**DATASET EXCERPT:**
-----
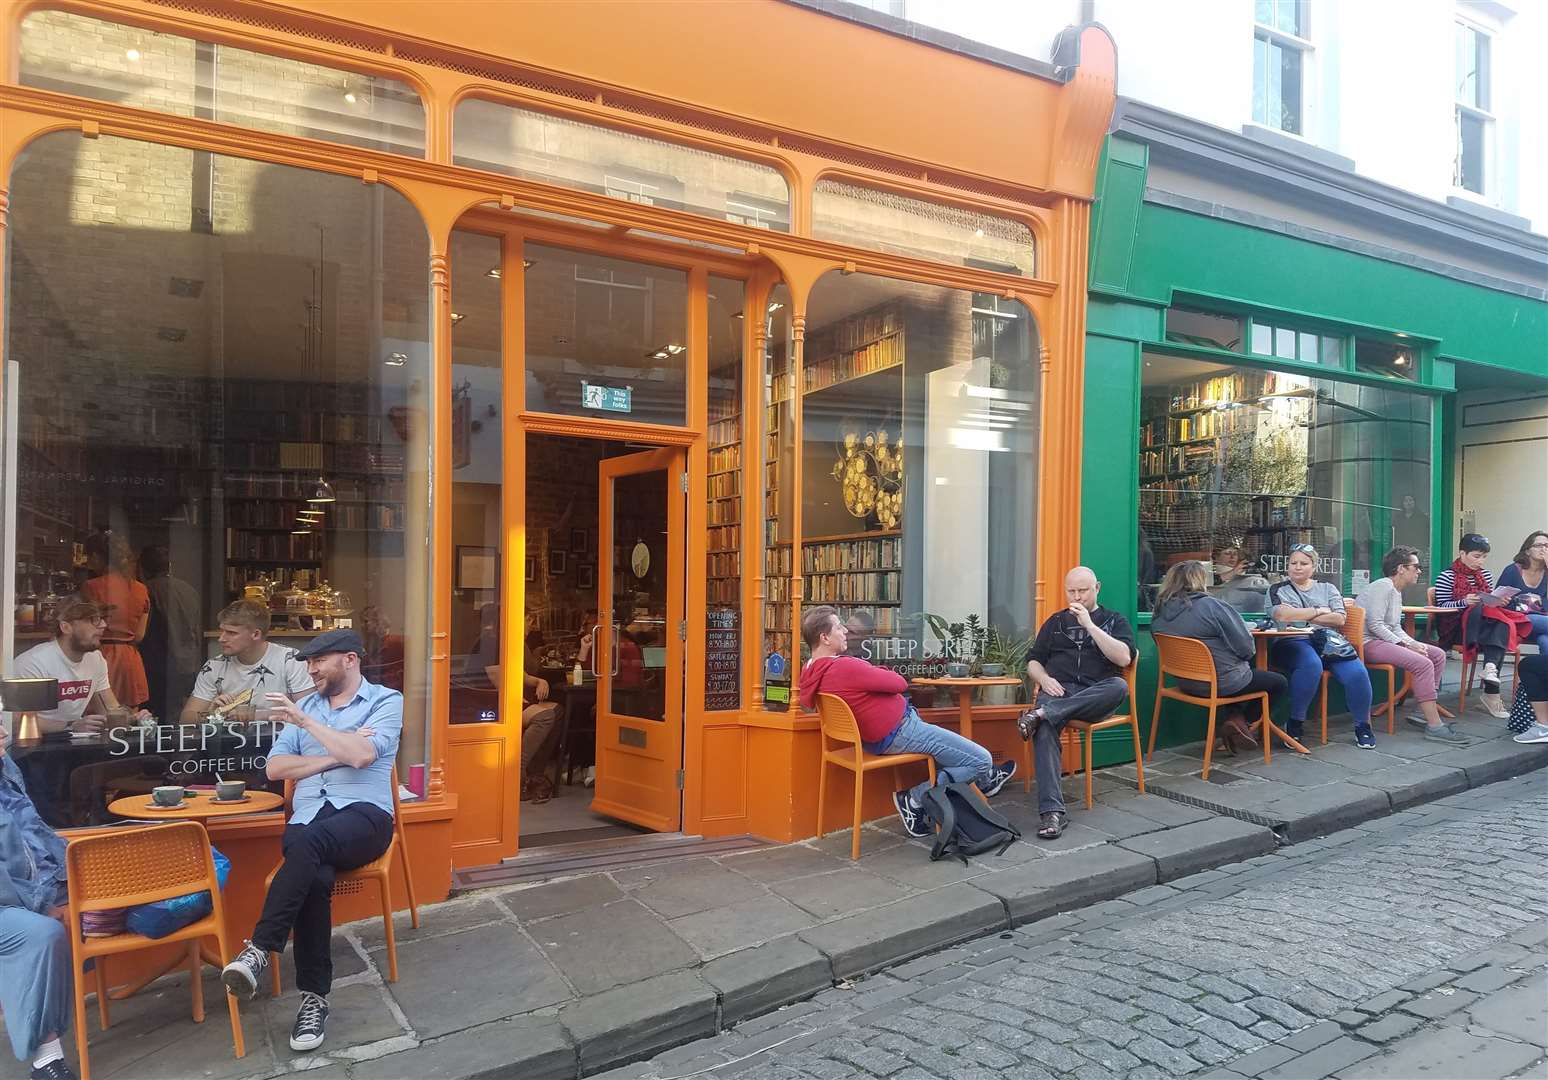 Steep Street Coffee House in Folkestone
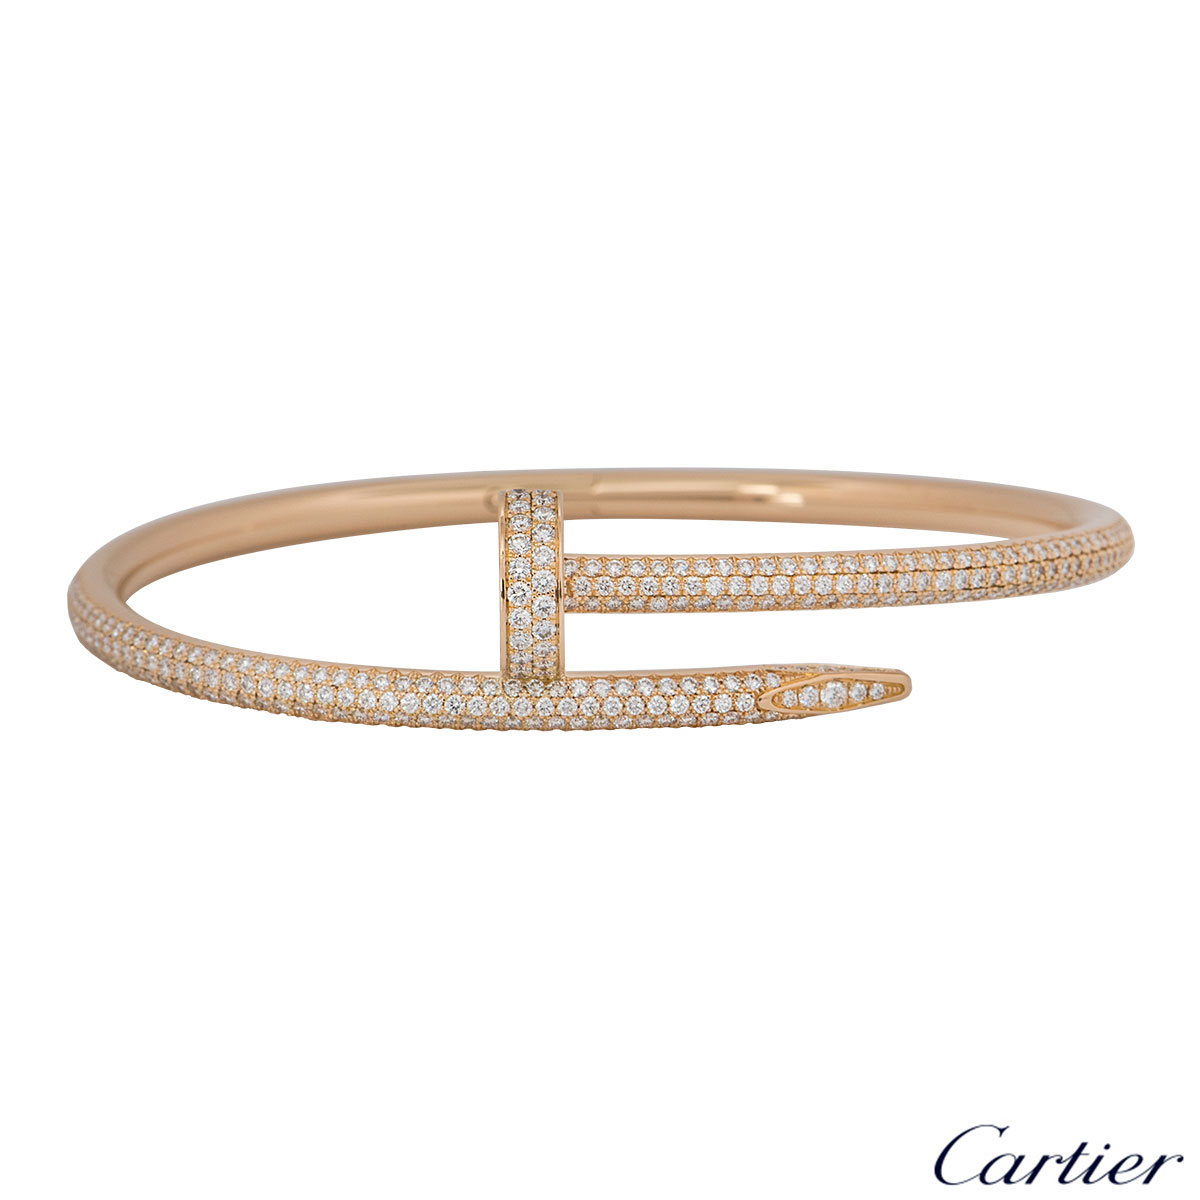 Cartier Rose Gold Diamond Juste Un Clou Bracelet Size 17 N6702117 ...
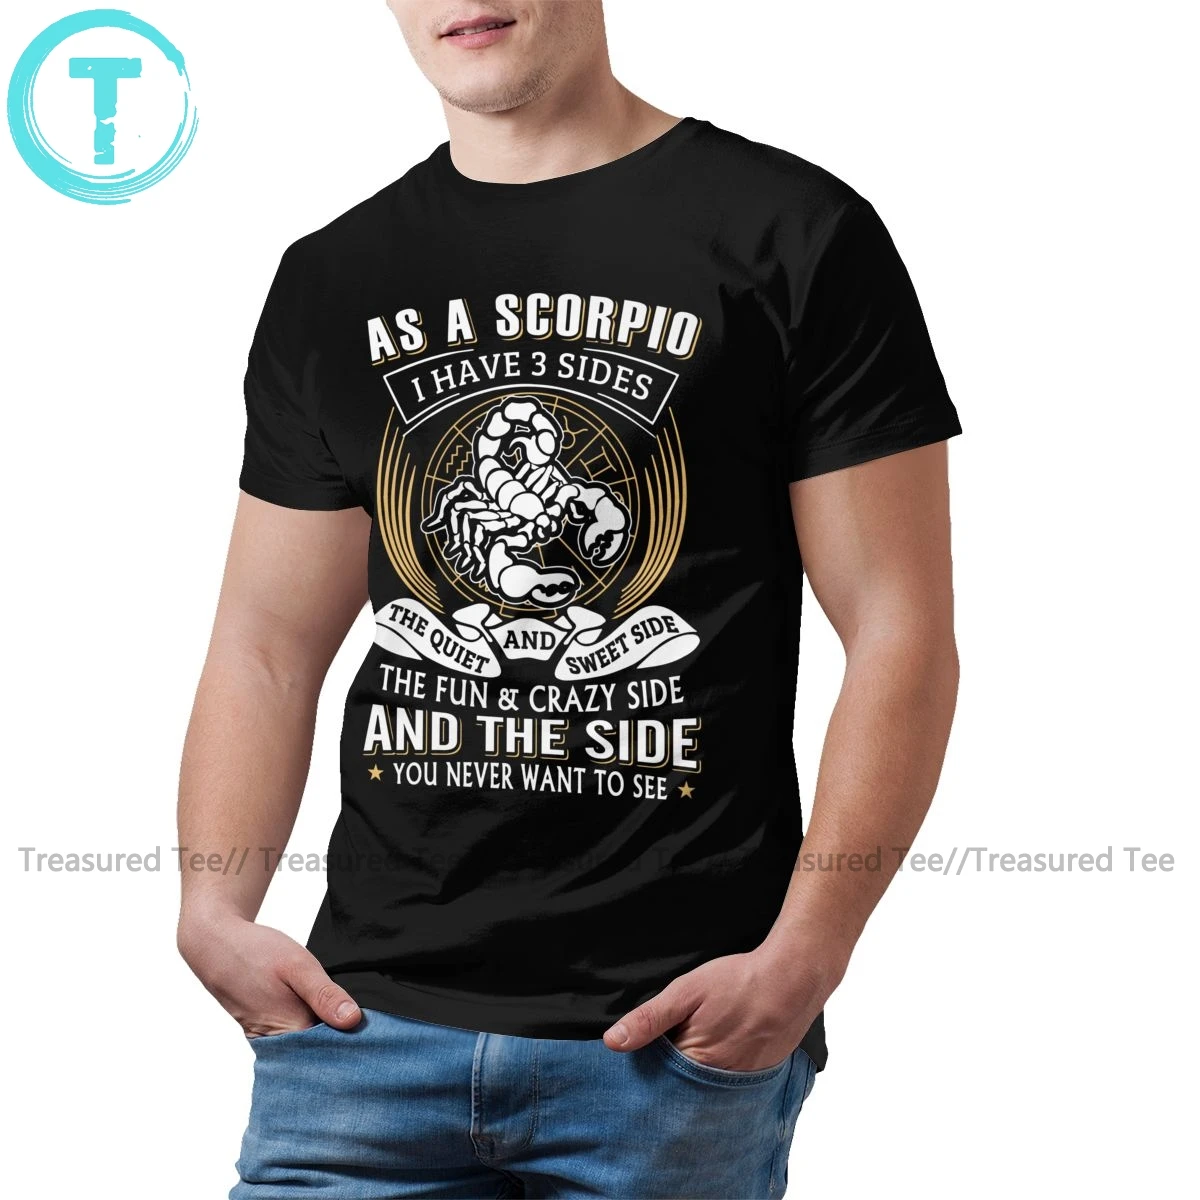 Scorpio T Shirt As A Scorpio I Have 3 Sides T-Shirt Mens Oversize Tee Shirt Classic Cute Short-Sleeve Tshirt
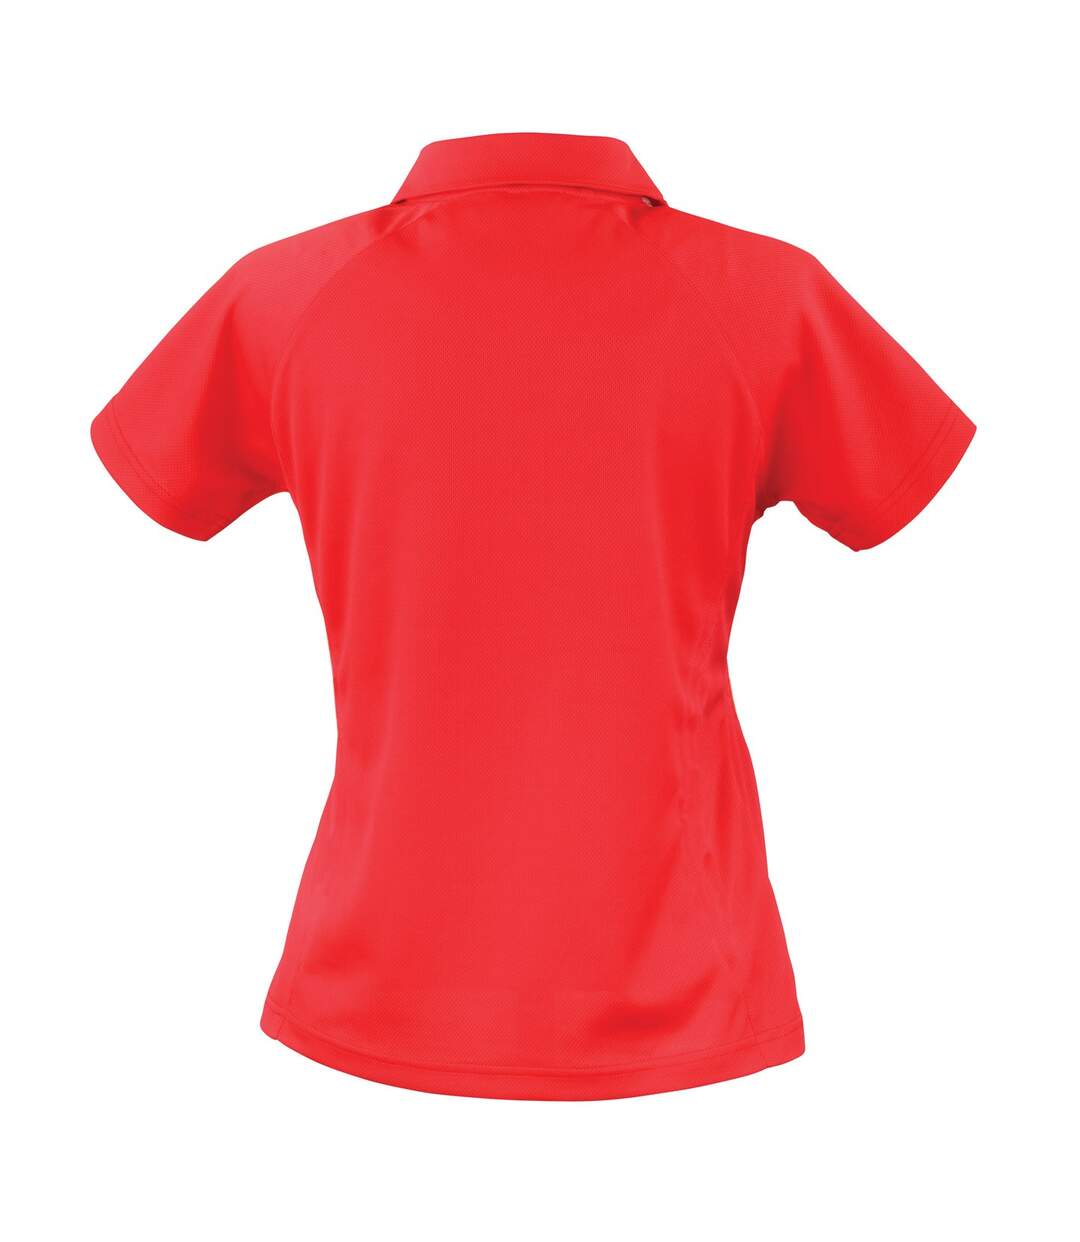 Spiro Mens Sports Team Spirit Performance Polo Shirt (Red/White)
-----
**WORK REQUIRED:** Only the lines from the line holding "Scorpio T Shirt" through the last line above belong in the answer, repeated exactly; the pictures do not.

**RESULT FOR THIS EXERCISE:**
 Scorpio T Shirt As A Scorpio I Have 3 Sides T-Shirt Mens Oversize Tee Shirt Classic Cute Short-Sleeve Tshirt
 Spiro Mens Sports Team Spirit Performance Polo Shirt (Red/White)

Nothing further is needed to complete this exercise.